Социальность не следует путать с разрывом, недостатком или нуждой, которые могли бы иметь место в единстве Единственного, где «совершенство» и законченность совпадения, однажды распавшись, вновь будут стремиться к целостности. Подчиняясь естественной витальности, заключенной в бытии сущего, в его праве «быть» (вплоть до игнорирования каких бы то ни было «проблем»), исходя из логически непрояснимой идентичности — поскольку она покоится на самой себе и обходится без специального разделительного знака, который совершенно необходим для идентификации, — исходя из основания идентичности Эго и назло упрямству чистой совести, неся в себе эту уникальную идентичность — возникает и рождается тревога ответственности. Не в силах решиться взять ответственность на себя, с тем чтобы удостоверить собственную идентичность, я пробужден беззвучным и императивным языком, с помощью которого говорит лицо Другого (не обладая при этом явной принудительной силой). Ответственность предшествует любому размышлению и представляет нечто такое, чему я был предназначен до того, как оказался предоставлен самому себе. Это — обет или посвящение?
Незабвенное прошлое
Ответственность выступает первичной по отношению к любому размышлению в границах логики, взывающему к разумному решению. Решение с необходимостью обернулось бы редукцией лица Другого к репрезентации, объективности видимого, принудительной силе, которая принадлежит миру. Первичность ответственности не может быть уподоблена априорной идее, которая берет свое начало в реминисценции. Если отнести ее к восприятию и промелькнувшему вневременному присутствию, исходящему из идеальности идеи или вечности настоящего, которое никогда не наступает, то ее длительность или диахрония времени оказались бы симуляцией, деформацией и отсутствием в конечности человеческого сознания.
В этической первичности ответственности «для-другого», в ее примате над рассуждением существует прошлое, несводимое к настоящему, которое должно было уже когда-то состояться. Это прошлое существует вне какого бы то ни было отнесения к тождеству; оно — простодушно, безыскусно, обеспечено самим правом на присутствие, где все должно было когда-то начаться.
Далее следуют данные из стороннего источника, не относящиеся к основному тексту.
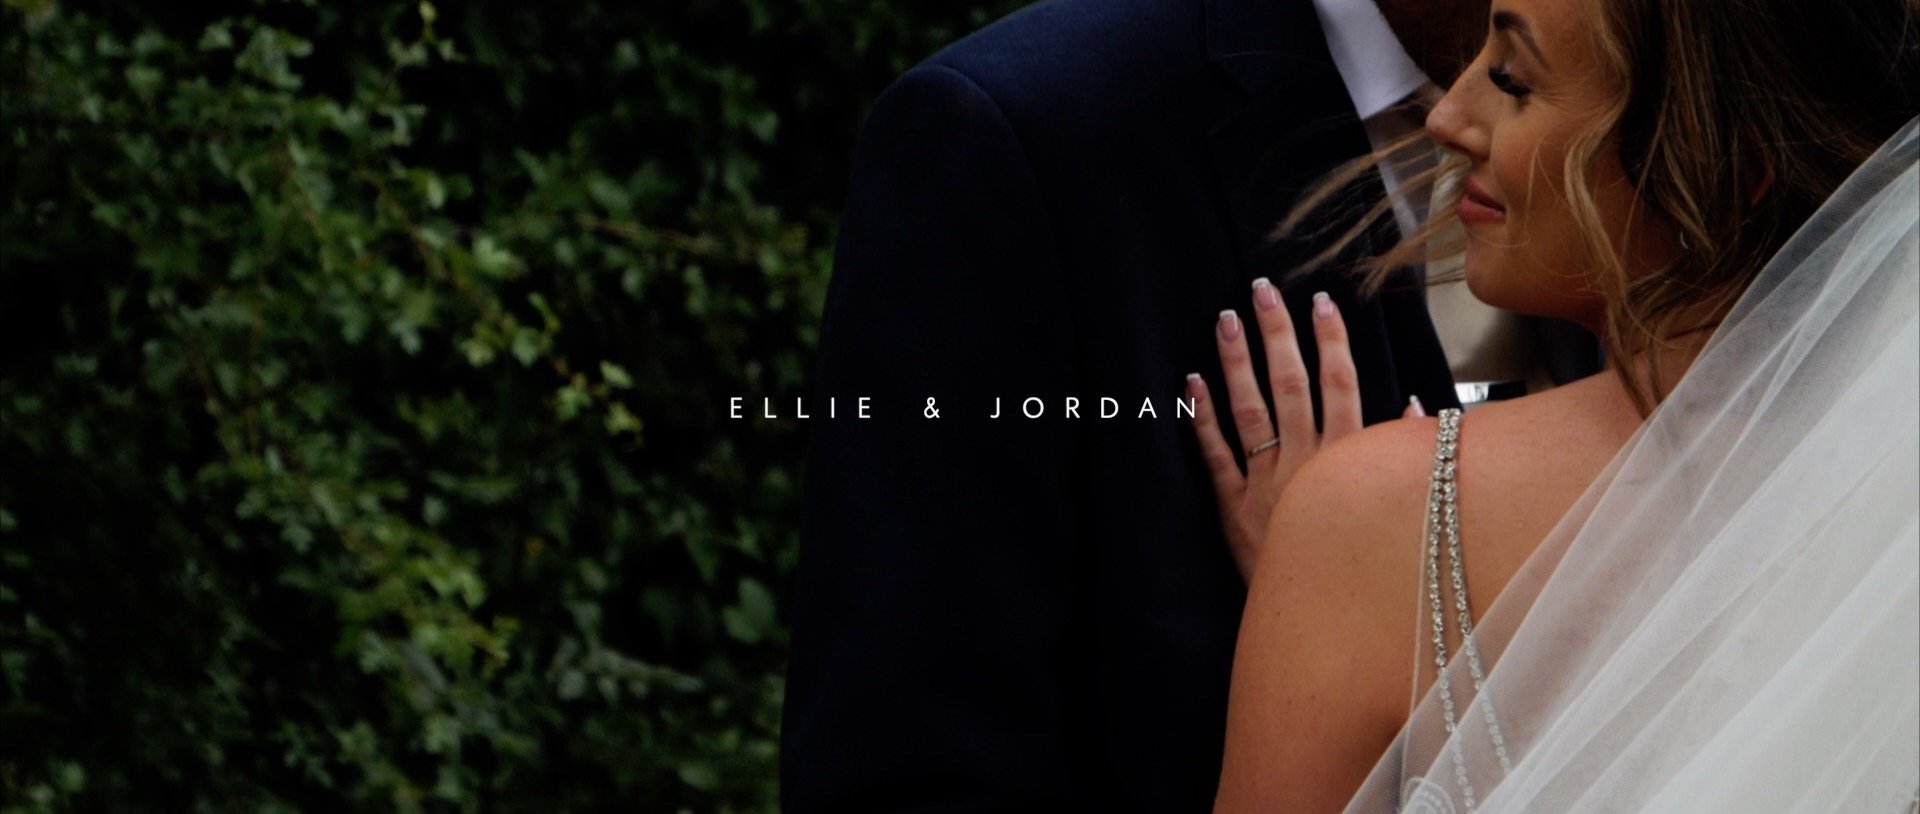 Ellie and Jordan cinematic wedding trailer - Apton Hall - 3 Cheers Media wedding videos.jpg

В этой ответственности я отброшен назад к тому, что никогда не было моей виной или моим поступком, к тому, что никогда не было в моей власти, не было моей свободой, моим настоящим, что никогда не запечатлевалось в моей памяти. В этой анархической ответственности, не требующей воскрешения в памяти каких-либо обязательств, заключена этическая значимость. В этом обнаруживается смысл прошлого, которое затрагивает меня, «имеет ко мне отношение», но это «имеющее ко мне отношение» находится за границей какой-либо реминисценции, ре-тенции, ре-презентации или связи с запоминаемым настоящим. Значение незабвенного прошлого, имеющего своим истоком ответственность по отношению к другому лицу, задает порядок гетерономии. Таково мое не интенсиональное участие в истории человечества, в прошлом других, которое «имеет ко мне отношение». Диахрония в приложении к прошлому, которая не собираема в репрезентацию, — это, по сути, и есть, в своей основе, конкретность времени, то есть время моей ответственности за Другого.
Ответственность за Другого не возвращает нас к мышлению, обращенному к идее a priori, уже заранее данной и вновь обнаруженной в «Я мыслю». Естественный conatus essendi суверенного «Я» поставлен под вопрос его смертностью и смертностью Другого, в состоянии моральной бдительности, благодаря которой суверенность Эго может осознать самое себя как «ненавистное», «отвратительное», а свое «место под солнцем» как «образ и начало захвата целого мира»5. Ответственность за Другого обозначила простую модальность «трансцендентальной апперцепции», которая выступает законом для меня, а не для этого другого лица. Данный закон касается меня без того, чтобы вернуть Эго предметному присутствию сущего, которое могло бы оказаться причиной подобного установления. Как я уже отметил, это опять-таки не вопрос получения приказа или подчинения ему после имевшего место размышления. В близости лица повиновение предвосхищает любое разумное решение для того, чтобы гарантировать порядок, который оно порождает. Пассивность этого подчинения — иного рода, нежели интеллектуальная восприимчивость, которая, в конечном счете, обращена на самое себя в актах восприятия, спонтанности и непосредственности понимающего схватывания. Здесь абсолютная чуждость подлинной инаковости не подвластна никакой ассимиляции присутствием, настоящим и совершенно чужда апперцепции «я мыслю», которая всегда обладает тем, чего достигает в виде представленного. Диахрония прошлого не может быть выравнена. Повиновение, предвосхищающее понимание приказа, утверждает безграничный авторитет. И это действительно так в отсутствие будущего, которое дается в на-ступлении [a-venir], где предвосхищение или протенция вплотную подходит к мраку временной диа-хронии, которая поддерживает авторитет императива.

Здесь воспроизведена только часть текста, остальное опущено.